== PROBLEM ==
Transcribe exactly, and only, the lines that fall between the line containing "Bugatti 64335 Extraordinary" and the last line of the material, both ends included, omitting any pictures.

== DATA PROVIDED ==

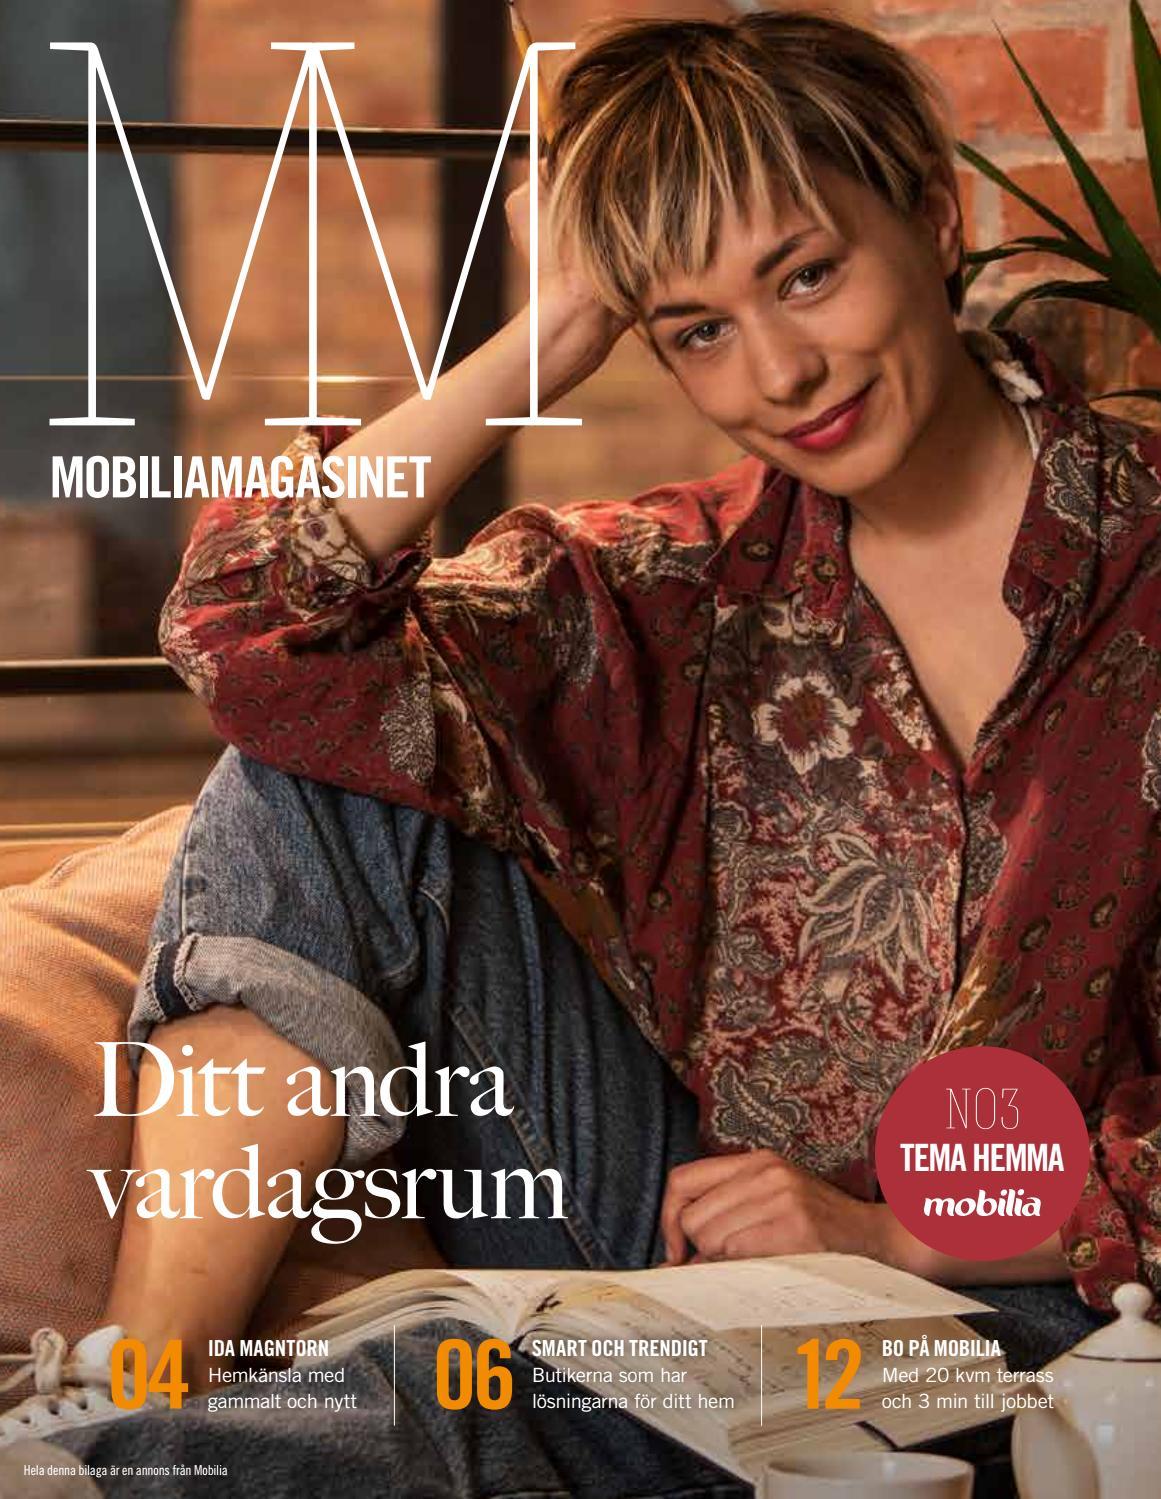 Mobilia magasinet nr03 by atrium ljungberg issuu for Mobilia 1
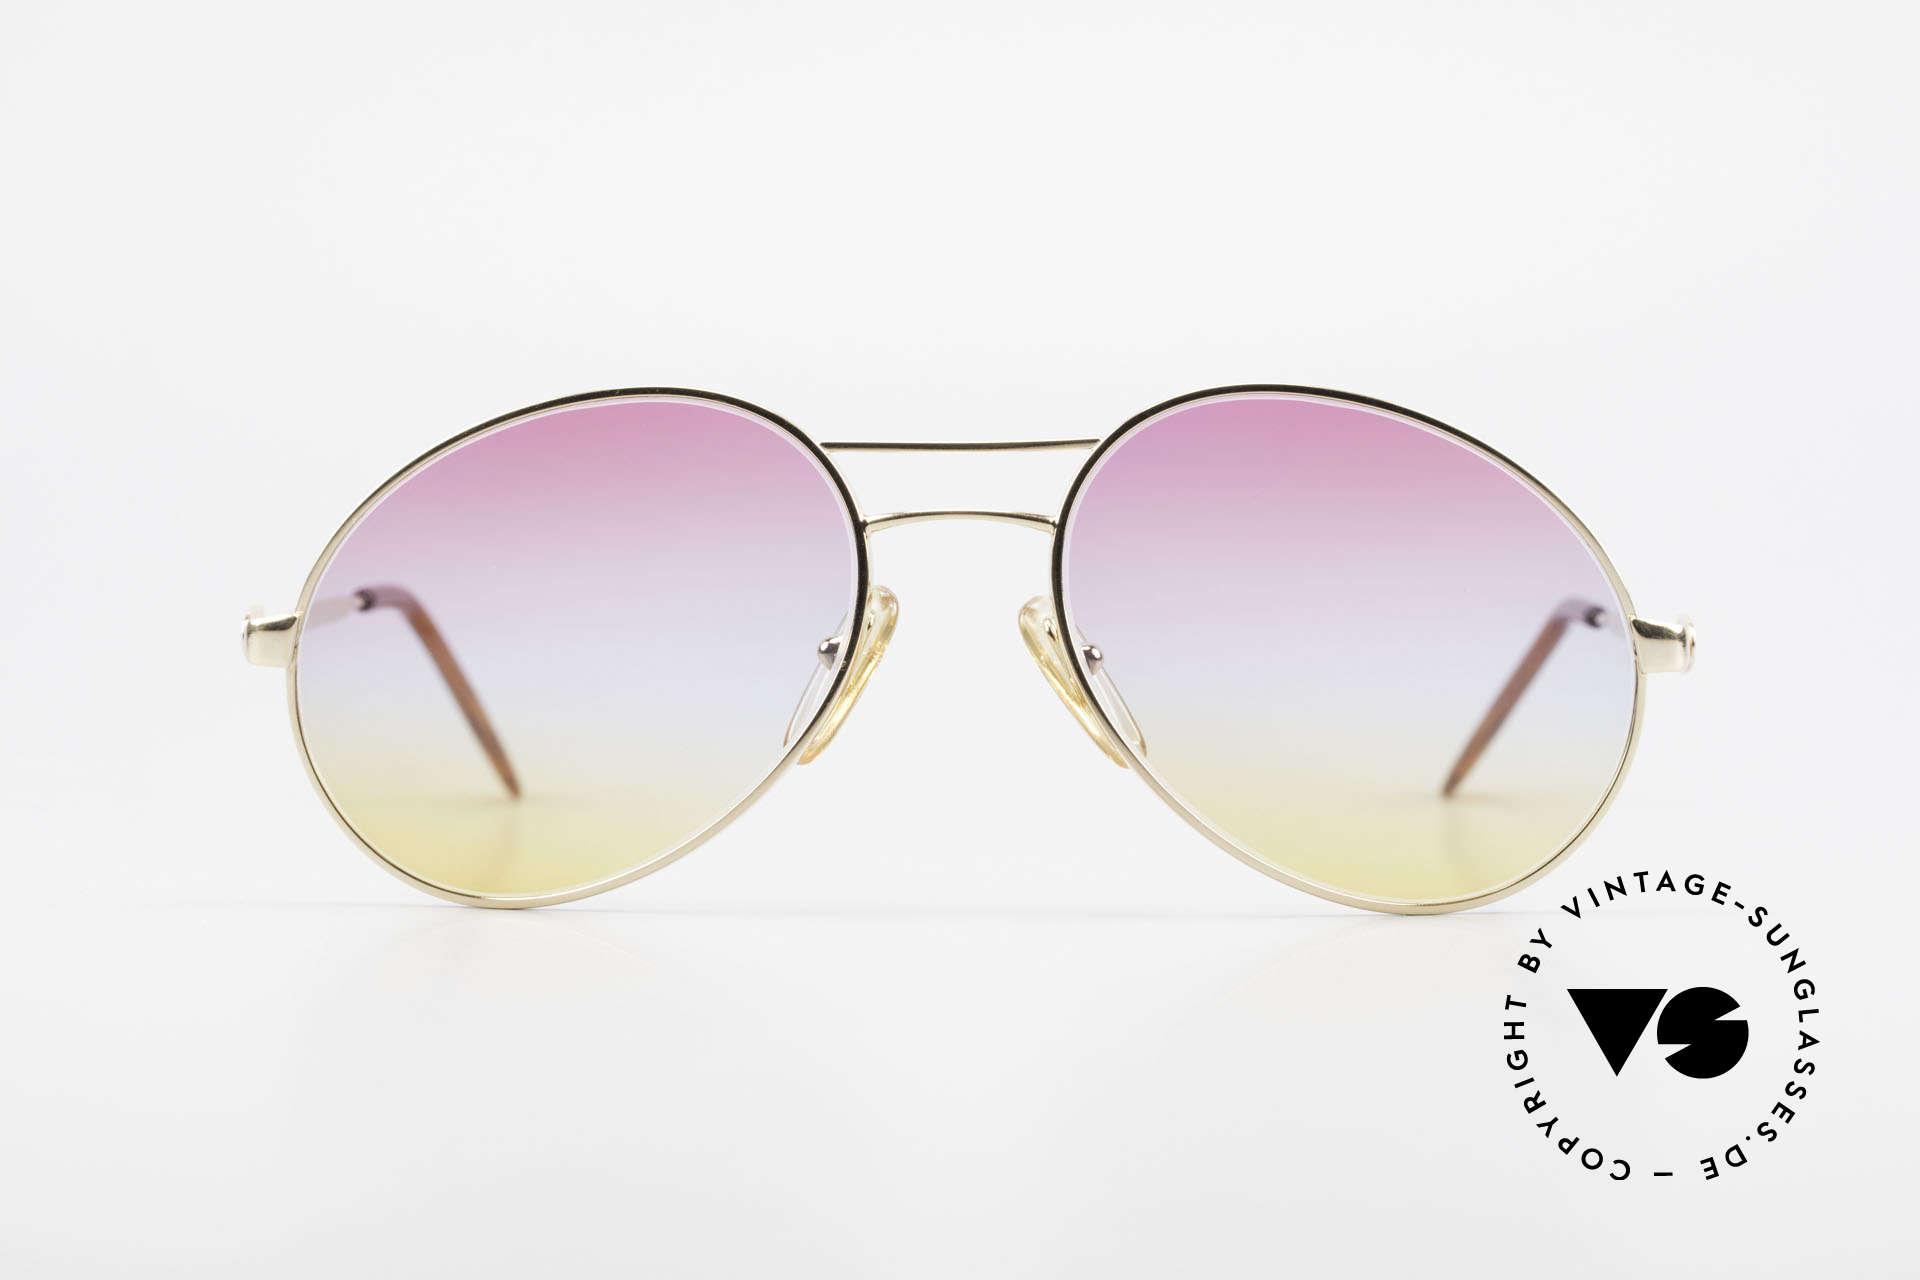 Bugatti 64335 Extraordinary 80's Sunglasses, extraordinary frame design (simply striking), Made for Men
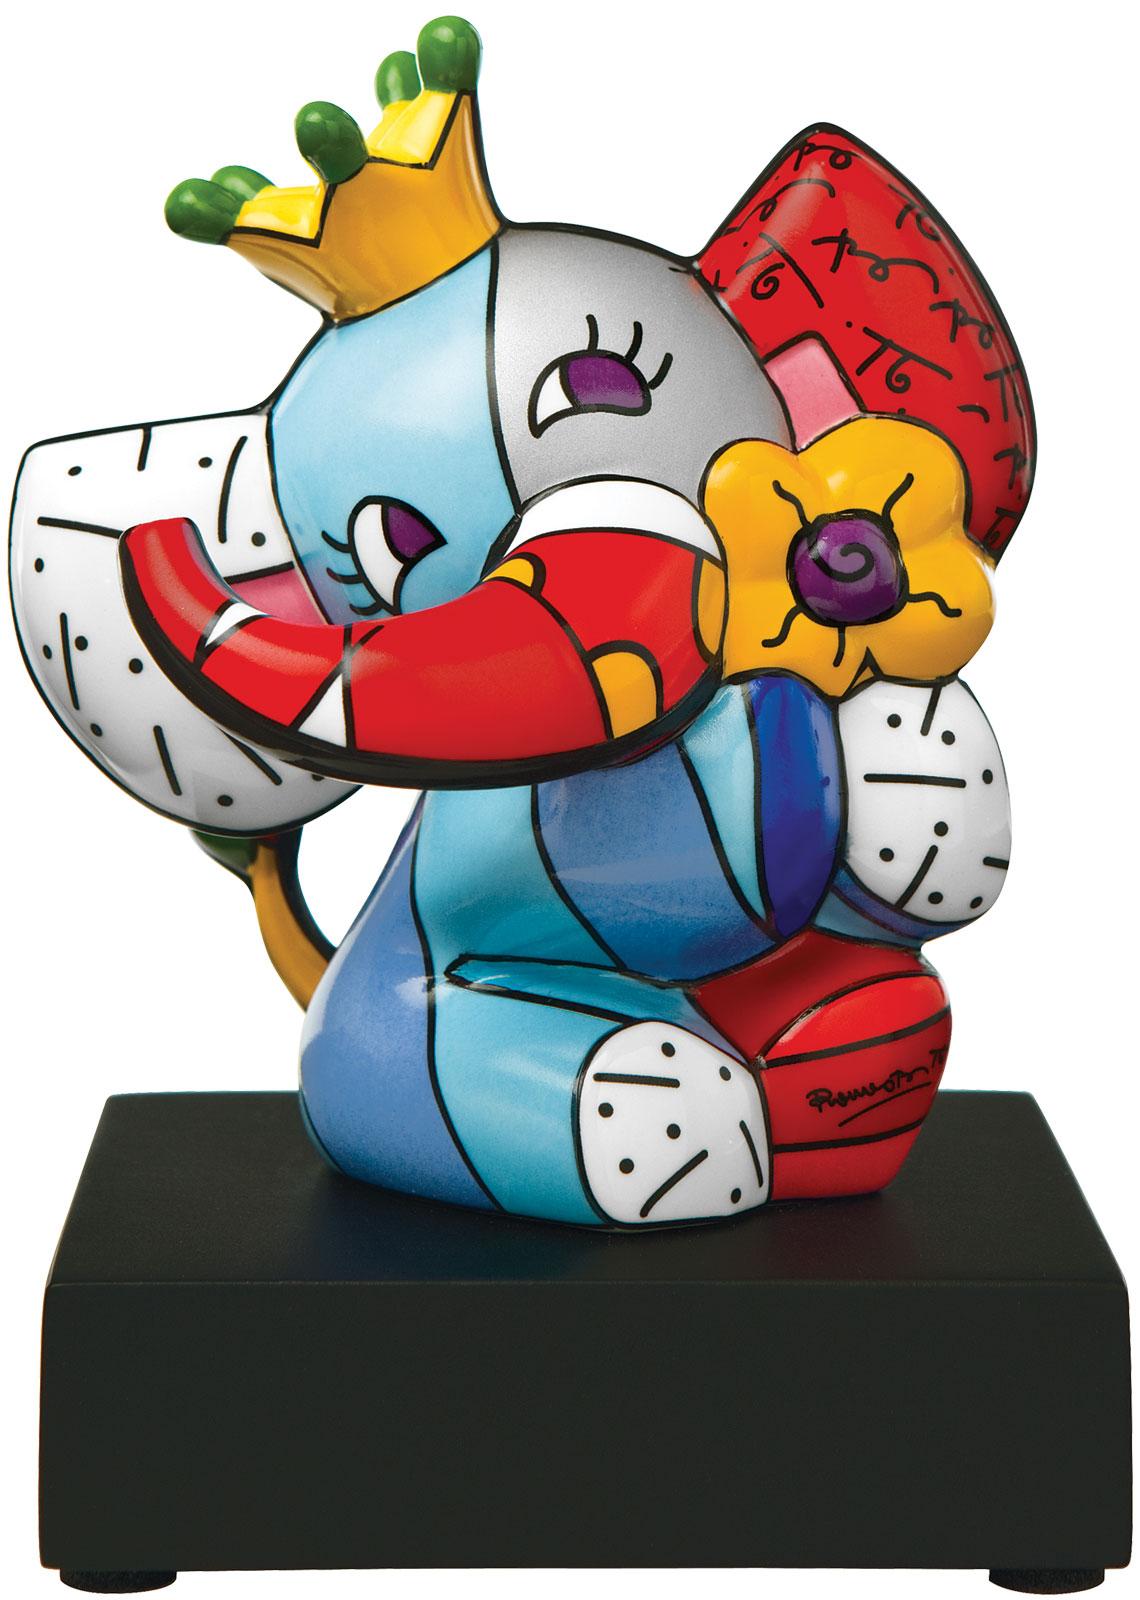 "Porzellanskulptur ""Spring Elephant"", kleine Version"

== SOLUTION ==
 Bugatti 64335 Extraordinary 80's Sunglasses, extraordinary frame design (simply striking), Made for Men
 "Porzellanskulptur ""Spring Elephant"", kleine Version"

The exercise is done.